Quand un accident l'a rendu tétraplégique il y a 12 ans, Marco a voulu mourir. Mais il a surmonté cette épreuve, s'est marié et a adopté une petite fille. Le voilà revenu aujourd'hui au même état de désespoir : faute de nourriture et de médicaments au Venezuela, il demande à être euthanasié.
Mourir de faim
Reclus dans un minuscule appartement où tiennent à peine un lit et un frigo, cet homme de 45 ans ne cesse d'appeler à l'aide depuis juillet 2016, enregistrant 16 vidéos au total, diffusées via les réseaux sociaux. Dans la plus récente, il s'adresse au président socialiste Nicolas Maduro, le suppliant de l'aider à mourir dignement, dans ce pays où l'euthanasie est interdite. «Vous nous tuez de faim : ou j'achète de la nourriture, ou j'achète des fournitures médicales», lui lance-t-il notamment. Marco a perdu l'usage de ses quatre membres dans un accident de voiture. «Juste après, je demandais à tout le monde de me tuer, puis j'ai accepté ce qui s'était passé», raconte-t-il dans son logement de Cabudare (est).

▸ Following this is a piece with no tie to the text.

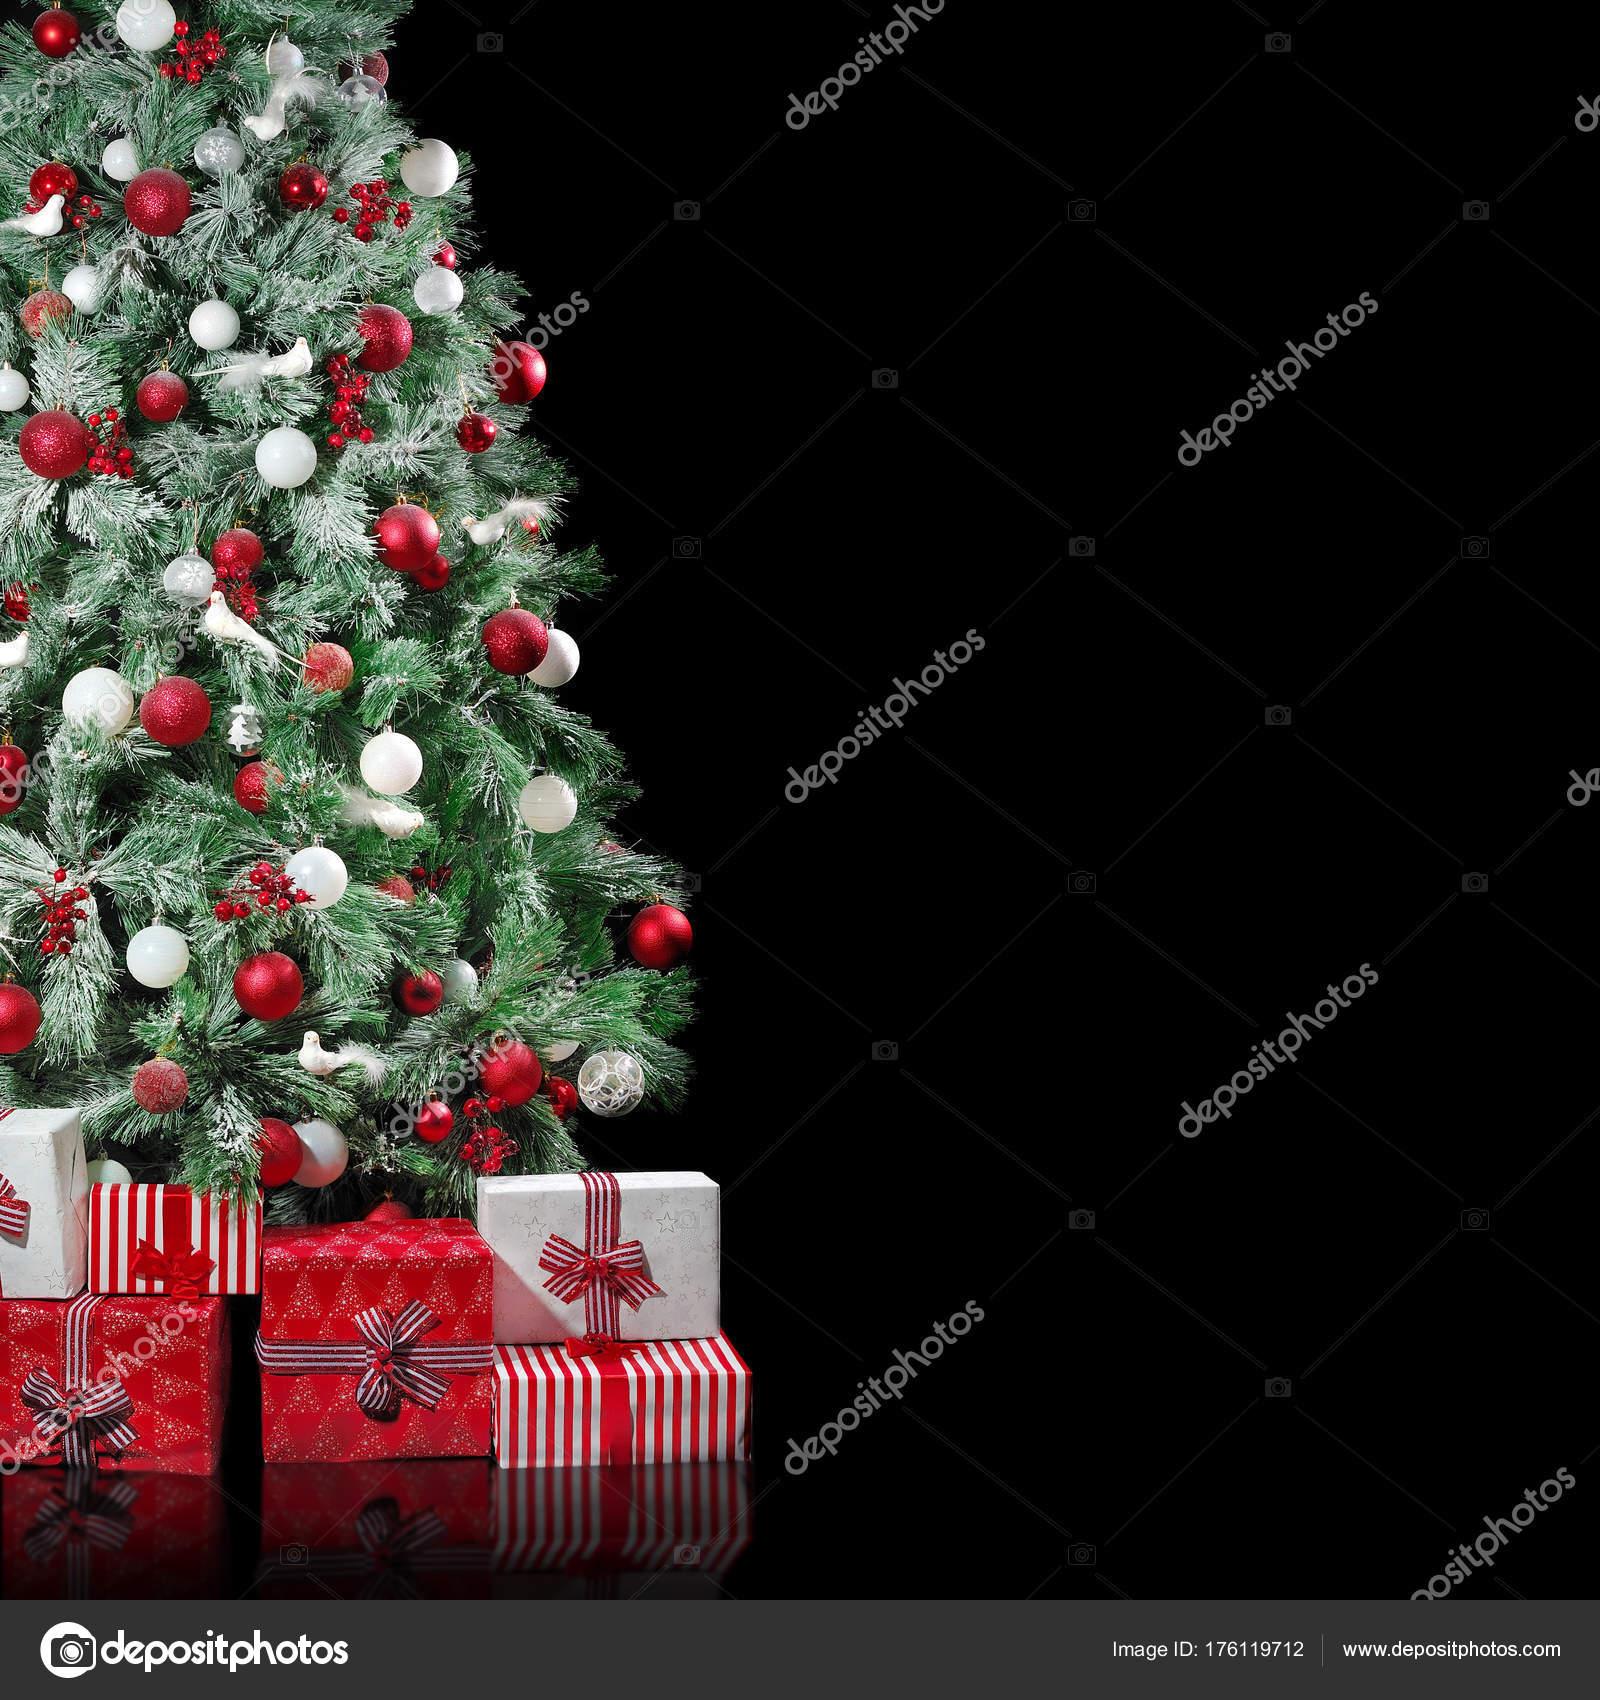 Big Christmas Tree Red White Decorations Presents Boxes Isolated Black Stock Photo Image By C Iagodina 176119712

Pension : 4,3 dollars par mois
«Je ne veux pas la mort, j'aimerais vivre dans de meilleures conditions, mais si ce n'est pas possible je préfère l'euthanasie», confie ce technicien industriel, qui survit avec une pension et une aide qui totalisent 186 000 bolivars par mois (4,3 dollars au taux du marché noir). «Je ne m'en sors pas du tout. Tout est extrêmement cher», assure Marco. Une sonde urinaire lui coûte 24 000 bolivars et un kilo de viande, 50 000. Comme lui, des millions de Vénézuéliens souffrent de la crise économique qui frappe le pays pétrolier, ébranlé par la chute des cours du brut et n'important presque plus d'aliments ni de médicaments. Les rares que l'on trouve dans les rayons sont à des tarifs prohibitifs. Selon la fédération pharmaceutique, 85% de médicaments manquent, une pénurie dramatique pour Marco.
Puits sans fond
Après sa dernière vidéo, filmée par sa fille de 13 ans qui s'oppose à son euthanasie, de nombreuses personnes l'ont contacté pour lui offrir des dons. Pour répondre au téléphone, Marco actionne une baguette en bois avec la bouche. Quand on trouvait encore des aliments à prix subventionnés dans les supermarchés, Marco faisait la queue parmi les habitants, sur son fauteuil roulant. Il s'en souvient comme d'une expérience «humiliante, parfois ils nous laissaient sans nourriture après des heures d'attente», les rayons ayant été dévalisés. L'euthanasie n'est évidemment pas la priorité de Marco, qui voudrait plutôt un emploi et une maison. «J'aimerais travailler, j'ai des facilités avec les téléphones et les ordinateurs», affirme cet ex-gérant de station-service. Mais sa situation ne cesse de se dégrader. Au bout de trois semaines sans le changer, le tuyau lui servant pour uriner «avait une odeur de mort», se lamente-t-il. «Je ne veux pas traîner ma femme et ma fille dans ce puits sans fonds où nous arrivons au Venezuela». Si Marco a tenu jusqu'à présent, c'est pour elles : Ana Barrios, 30 ans, épousée il y a cinq ans, et Daikellys, sa fille, adoptée dans la foulée. «Il aime sortir, tout observer, avant on pouvait aller manger une glace ensemble. Maintenant il vit entre quatre murs car tout est devenu hors de prix», raconte Ana, en larmes.
Du manioc et des bananes
Malgré sa stature menue, Ana rassemble ses forces toutes les trois heures pour aider son mari à se retourner, afin d'éviter l'apparition d'escarres. «Je prends soin de lui comme un bébé, jamais je ne vais l'abandonner», promet-elle, espérant que Marco renonce à son souhait de mourir. Couturière de formation, elle est au chômage. «La situation est tellement critique qu'on ne vend plus rien et les coûts des matériels augmentent tous les trois jours, cela ne laisse aucun bénéfice», explique Ana. À leur domicile, ils ne mangent que du manioc ou des bananes, seuls aliments qu'ils peuvent se permettre. Marco adore Noël, donc Daikellys a placé un sapin décoré dans le modeste logement, à la veille de son 46e anniversaire. Quand elle a enregistré la dernière vidéo de son père, elle ne savait pas ce qu'était l'euthanasie. «Ensuite j'ai cherché sur internet et je me suis mise à pleurer», raconte-t-elle. Mais, pour l'instant, Marco reste inflexible : «Il est préférable d'en sacrifier un pour que les deux autres vivent mieux».